2010年5月3日月曜日
愛の泉
愛の泉
エルヴィス・プレスリーはとても単純であり、とても複雑だ。終わりがない終わりが終わる時よりも早く終わっていた。
「POT LUCK」はそういう時代の贈り物だ。
1962年の人も時代も複雑さに単純をまとい、いい時代にする力を身につけていた。
いい時代は、いつも、誰にとっても、人の心のなかにある。それが大事だ。
何事にも言えることで、音楽という道具だって、ナニに使うかよりも、どう使うかが重要なのだ。
エルヴィス・プレスリーのレコードがギネスになるほど売れた理由のひとつは、それだけ使い方も多かったということだ。人々はいい時代にするためにエルヴィスを聴いたのだ。
ボクはいい時代を過ごしていて、こんなにも幸福でいいのかと思ってしまう。
でも人から観れば不幸にしか見えないかも知れない。それでもボクは幸せで、ゴダール風に言えば「永遠が見える」。
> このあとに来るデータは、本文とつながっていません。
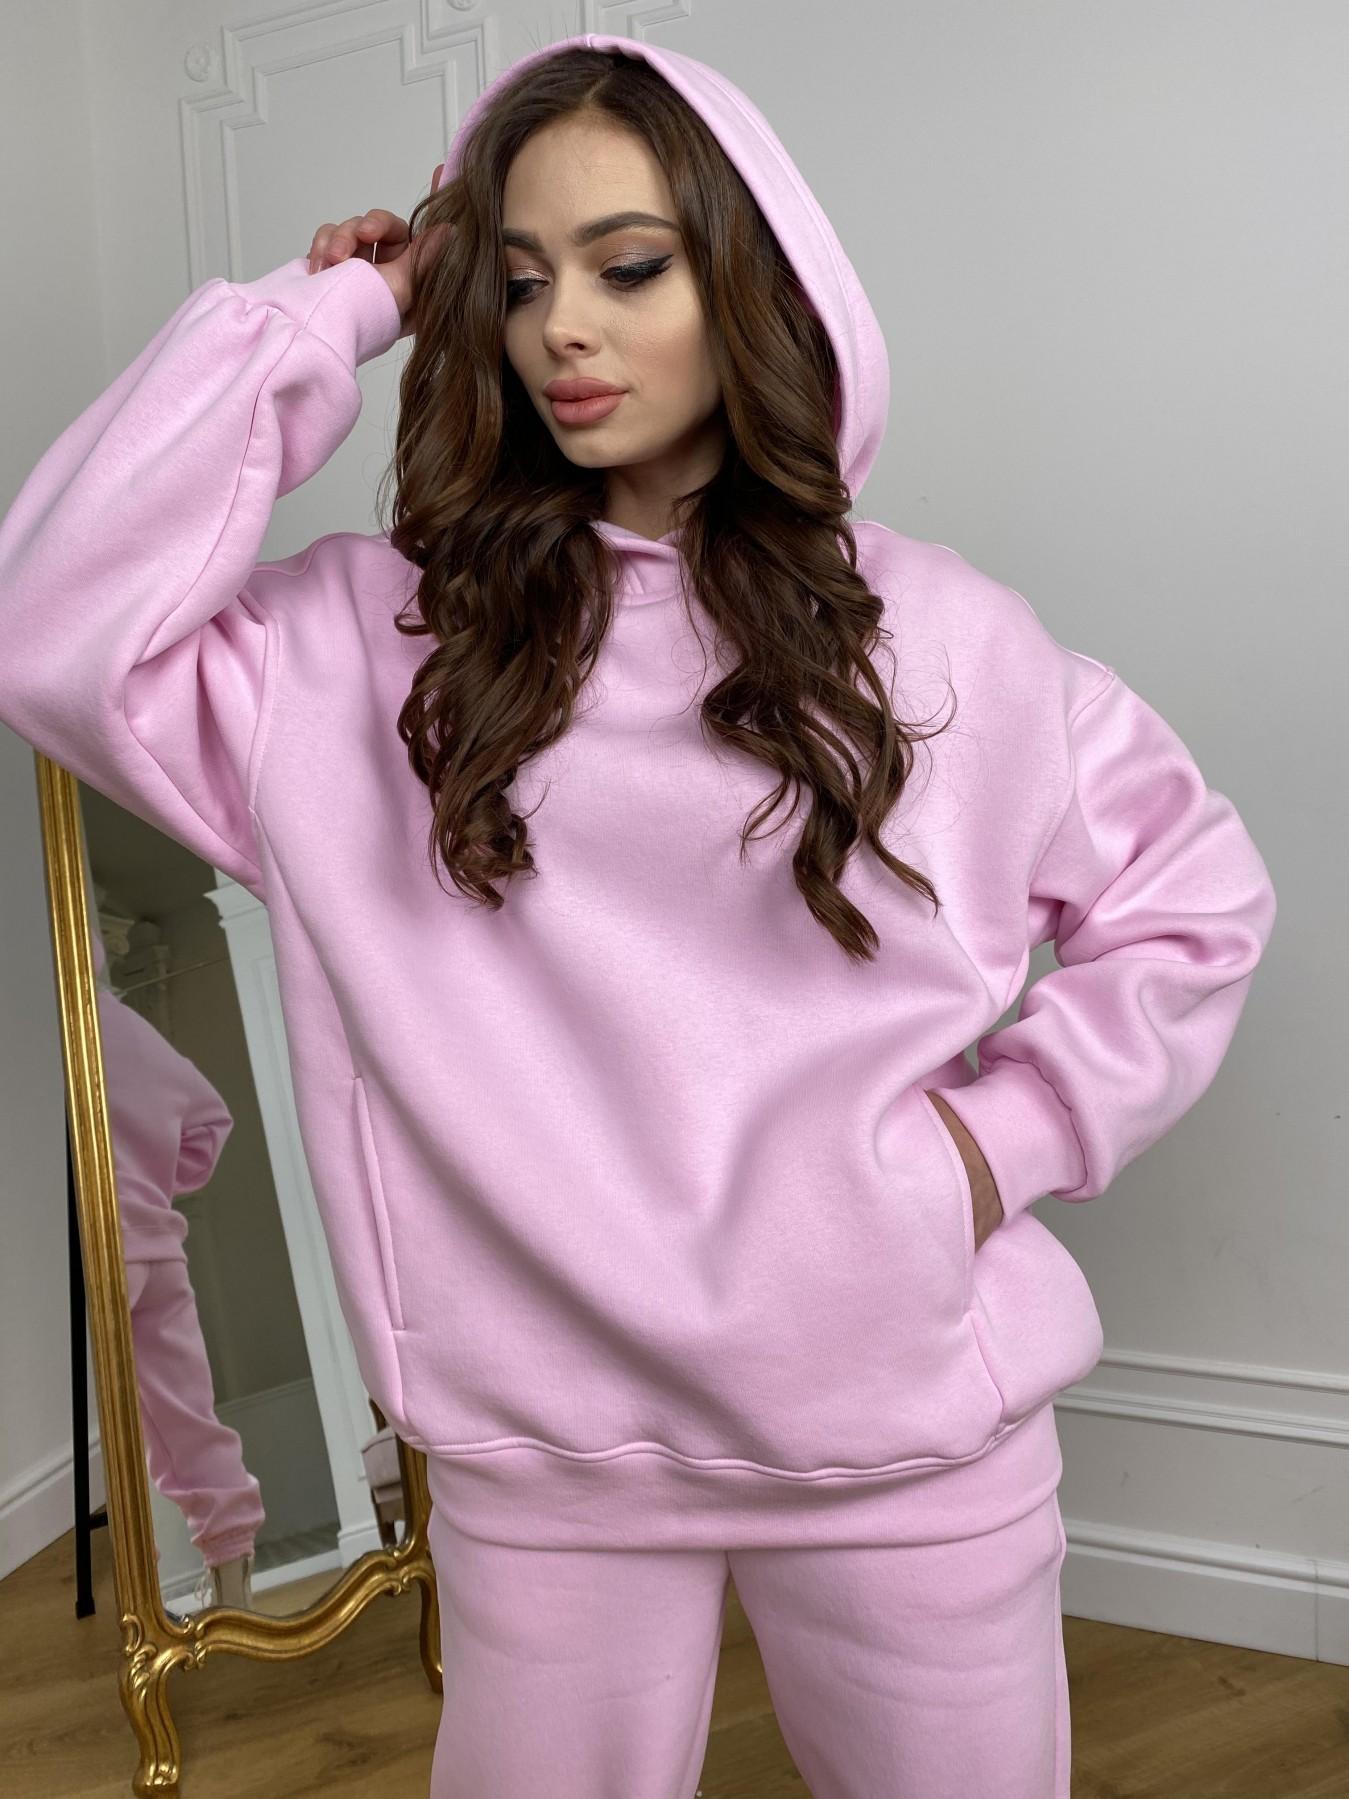 Марион костюм в  стиле Oversize  3х нитка 9651 АРТ. 46922 Цвет: Розовый - фото 5, интернет магазин tm-modus.ru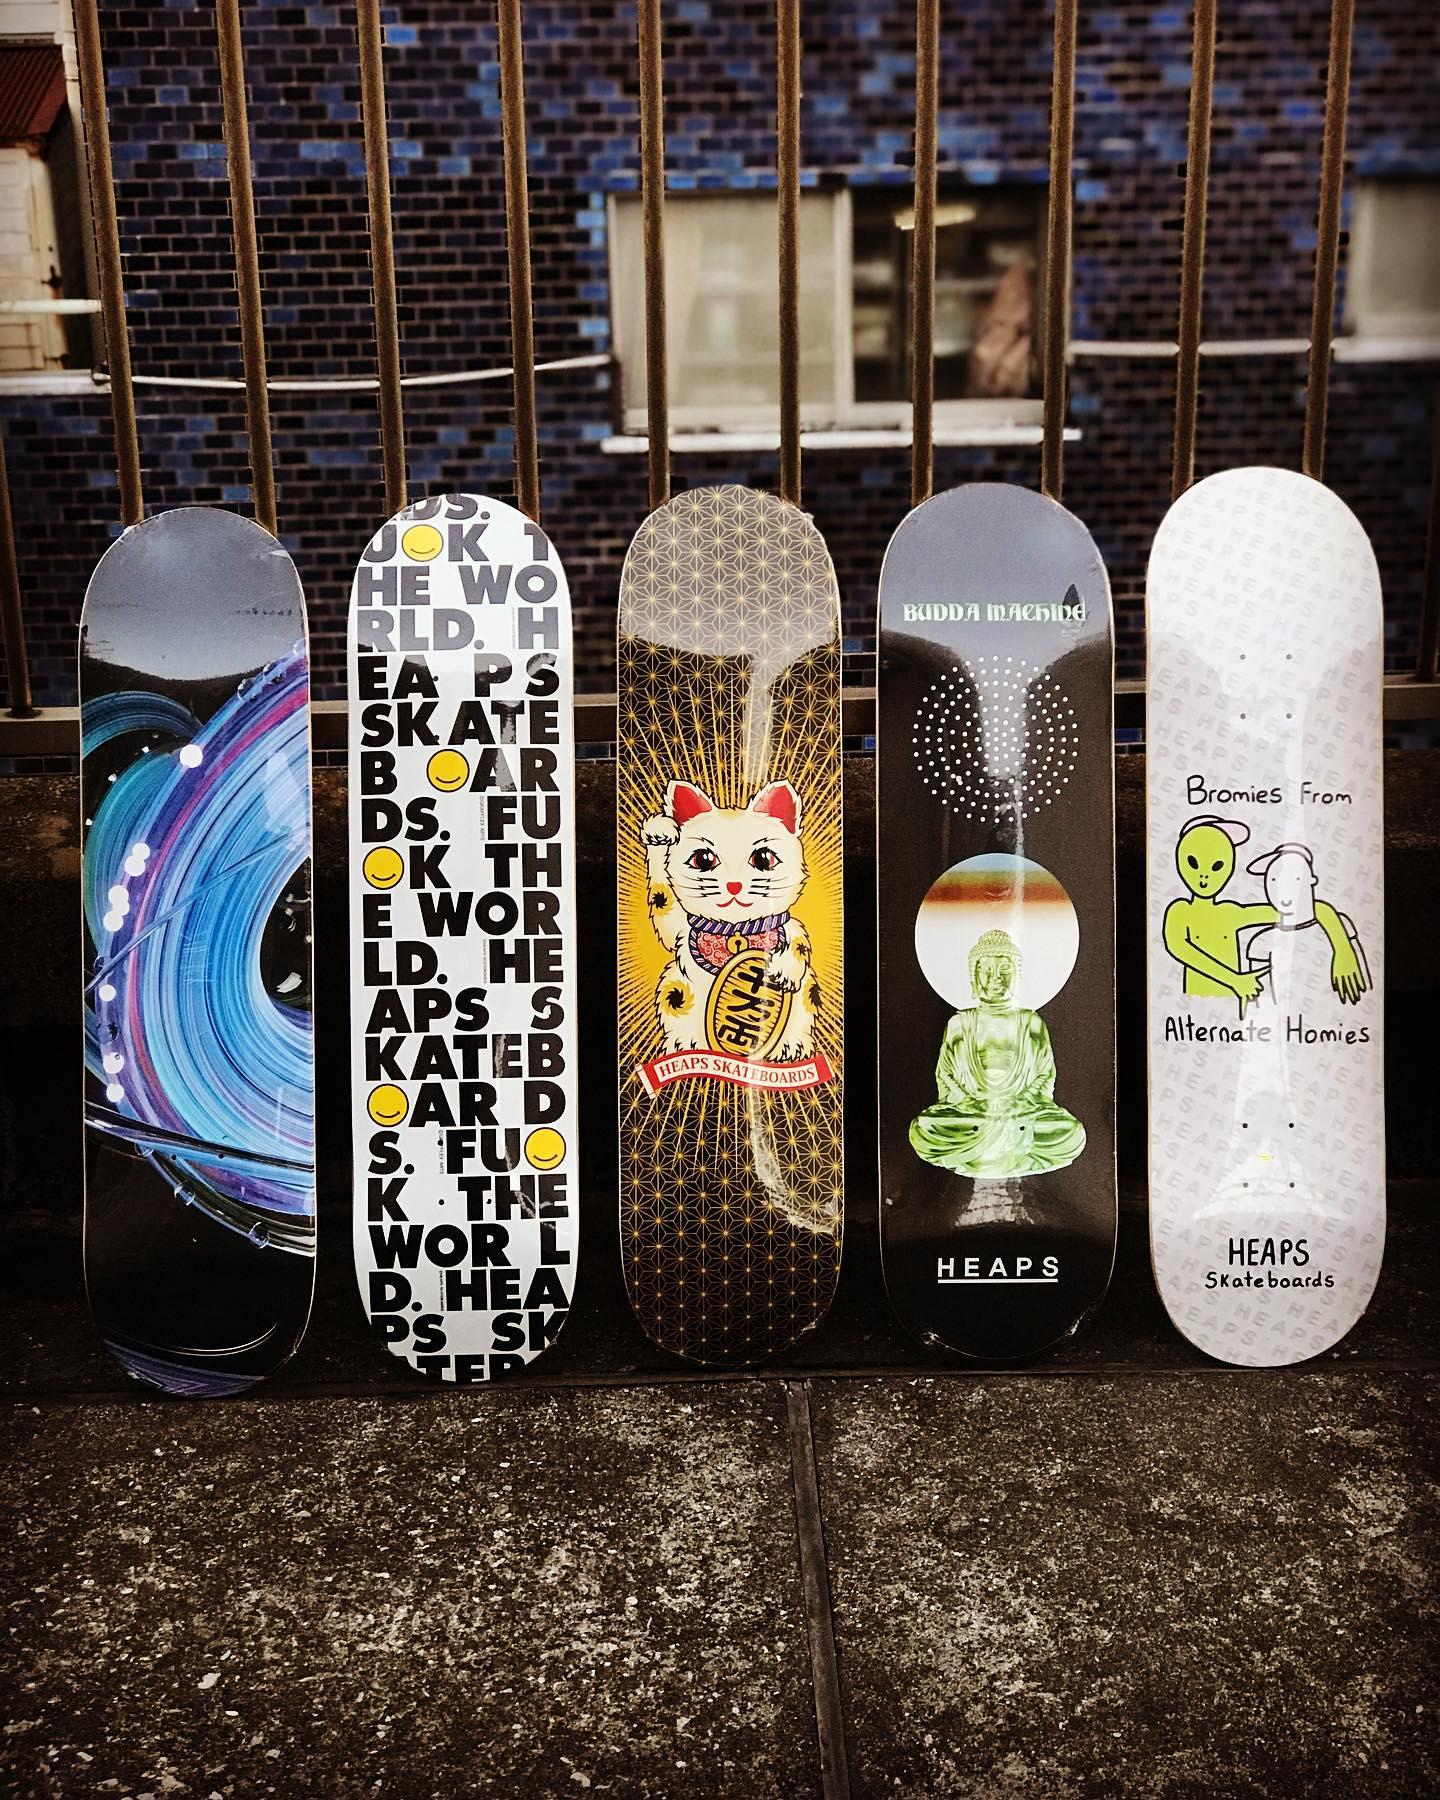 "・New @heaps_skateboards decks.韓国発スケートボードカンパニー""HEAPS""。ブランドを手掛けるShin Jeong-hyukとInstantは旧知の仲で、Instantライダーの @masatomofujiwara & @raito.nema もライダーとして名を連ねています。中央の招き猫のグラフィックはローカル @nob_honeyanddeath デザインです。日本ではごく限られたショップのみで取り扱いとなっております。"

なぜならボクの心には愛の泉があって、空に向かって噴出している。空から降ってきたら悲しくなるのに、地から吹き出したら笑顔のなるなんておかしな話だ。本当のところ見方次第なのだ。
そんなボクが1962年のエルヴィスから<愛の泉>をピックアップする。正直言ってこの曲につきあうことは、とても退屈なのだ。ヨーロピアンなムードのバラードだが、愛の複雑さを前にしたら、アコースティックなギターも前菜程度にしか響かない。愛とはなんだ。よろこび、孤独、渇望、ありとあらゆる感情がひとつになったものだ。ロックンロールから遠く離れた楽曲では、現実に立ち向かえない。でも仕方がない。これは家にあったものを持ち寄った「POT LUCK」なんだ。ここで面倒を起こすつもりの者はいない。
ボクはがっかりしながら<愛の泉>を聴く。そしてエルヴィスに刺激と救済を求める。エルヴィス・プレスリーならボクの気持ちを分かってくれそうだと思うからだ。この歌を使って、もっと喜びたいからだ。
ボクは聞いて欲しいんだ。親しい人や好きな人に、いかにしてボクがボクの愛の泉にたどり着いたか。どれほど遠回りをしたのか、でも聞きながら聞かない。きっと自分の知りたい答えを聞きたがるだけだ。
だからボクは話さない。でも聞いてほしいんだ。いかにしてボクがここにたどり着いたか。見えないものが見えている心で、エルヴィスの歌の語りかける。ヘッドフォンをして思い切り音量をあげる。しっかり聞いてもらうためにね。ボクは聞いてほしいからエルヴィスを聴いている。